[SOLVED] How can I have my function called again after storing its result in a variable, each time the variable is accessed?

Issue

I have a concept where I store values returned by functions in variables which makes it easier for me.

But I am having the problem that the value in the variable isn’t dynamically calling the function each time. So it returns the same value all the time.

I have made a code snip to illustrate it in a easy way:

def value():
    resp = requests.get('http://www.google.com').elapsed.total_seconds()
    return resp

test = value()

while True:
    print test
    time.sleep(10)

Output:

0.00649
0.00649

In this case, in the while true when I print test, it returns the same value, even though I am calling the function value(). How can I solve this issue? I know I can put the function in the while loop, but I want to have it as a variable.

Solution

The previous answers are correct, but please let me elaborate.

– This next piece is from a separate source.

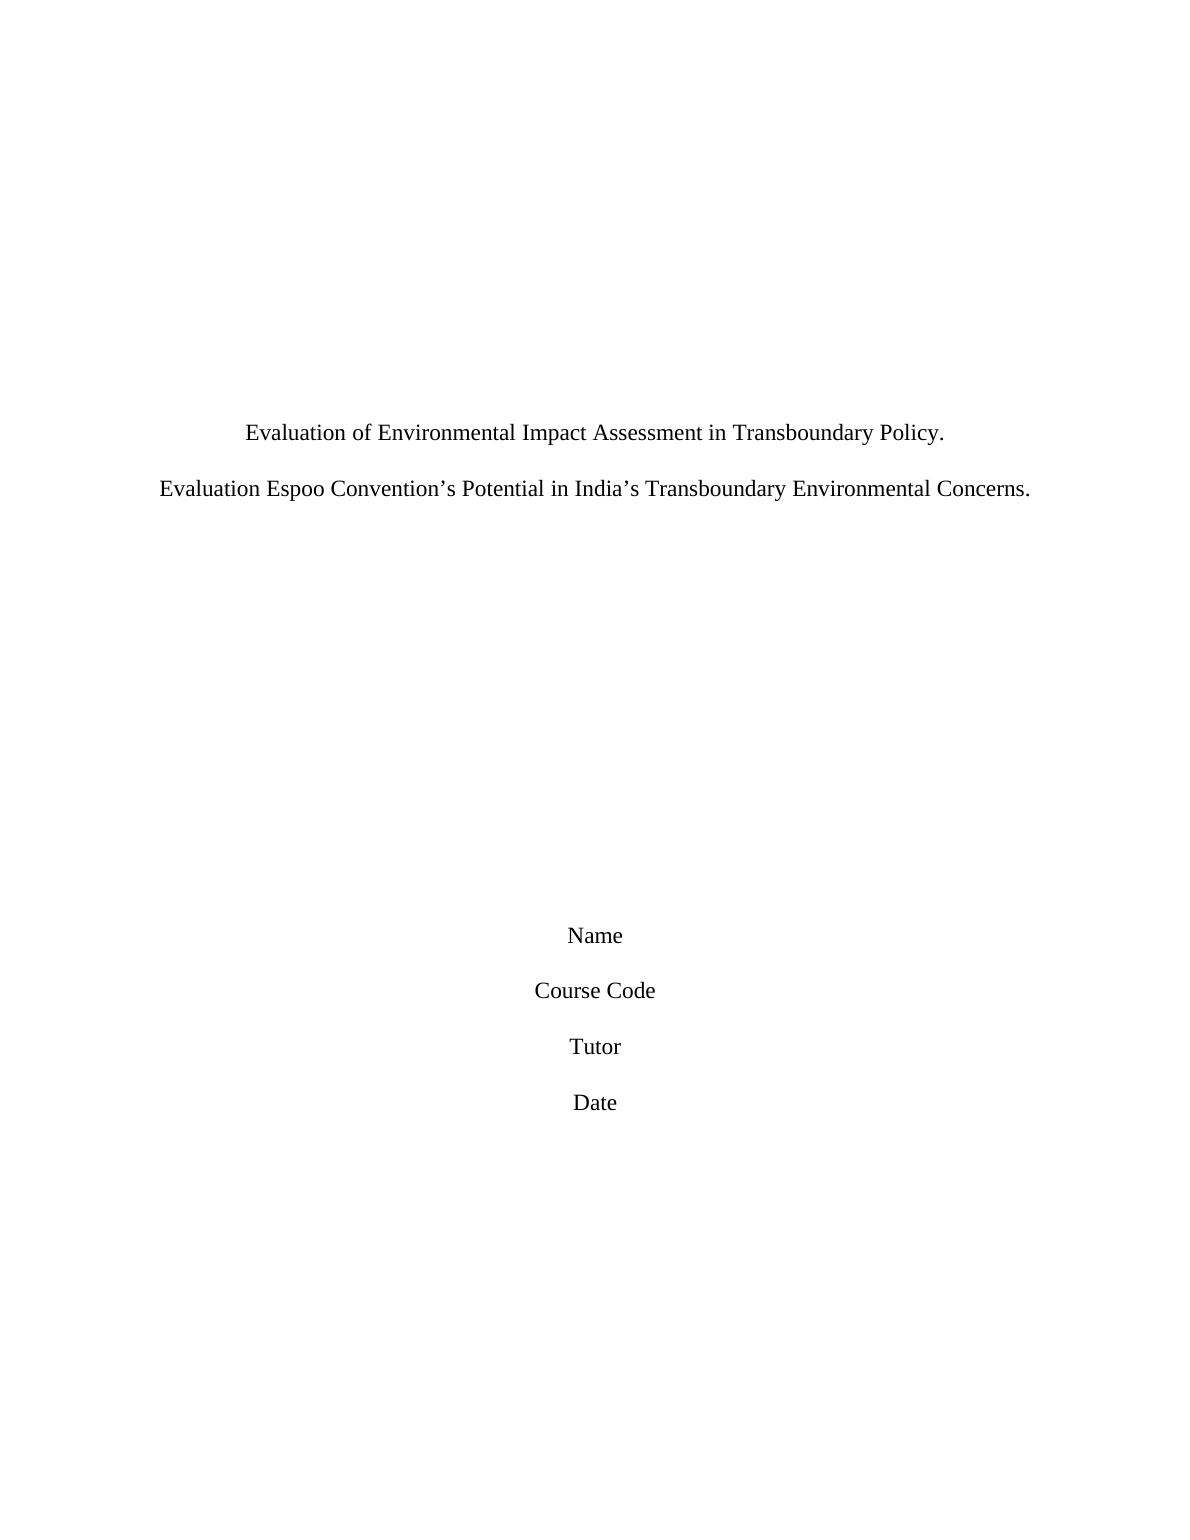 Impact of Environmental Transboundary Policy Assessment 2022_1

In the world of Python, things have very precise meanings but it’s not always clear what is what if you are just getting started.

Expressions are things that have a value, and they include things like 123, some_variable and 10 / 2. The name some_variable is called an identifier, simply because it identifies a value. Just like the name Scruffy might identify your dog.

Statements are things that affect the program flow or the state of your program, but lack a value. The following are examples of statements:

if x > 10:
    x -= 1

And

def foo(x):
    print("The value of x is", x)

Unlike in JavaScript, for example, where almost everything is an expression (and has a value), you can not do this:

my_function = def foo(x): print("The value of x is", x)

The previous def statement will create a function by the name foo, but the statement itself doesn’t have a value. The name foo will refer to a value, however. It means that when you write foo, the value will be a thing, and this thing is a function!

The expression x() on the other hand will do two things. First it will look up the value of the identifier x. Hopefully this value is a function. After that, the parentheses means that the value will be called. What happens if x is not a function, then?

>>> x = 10
>>> x()
Traceback (most recent call last):
  File "<ipython-input-3-7354d77c61ac>", line 1, in <module>
    x()
TypeError: 'int' object is not callable

Big Fat Error: 10 is not a “callable”. Callable means something that can be called like a function.

The parentheses are, as you probably know, a list of arguments. In this case the list is simply empty so when you write x() you are saying “call whatever the name ‘x’ is referring to but don’t send any arguments”.

A function call always has a value, since it’s an expression. If you don’t explicitly return anything, the value will simply be None.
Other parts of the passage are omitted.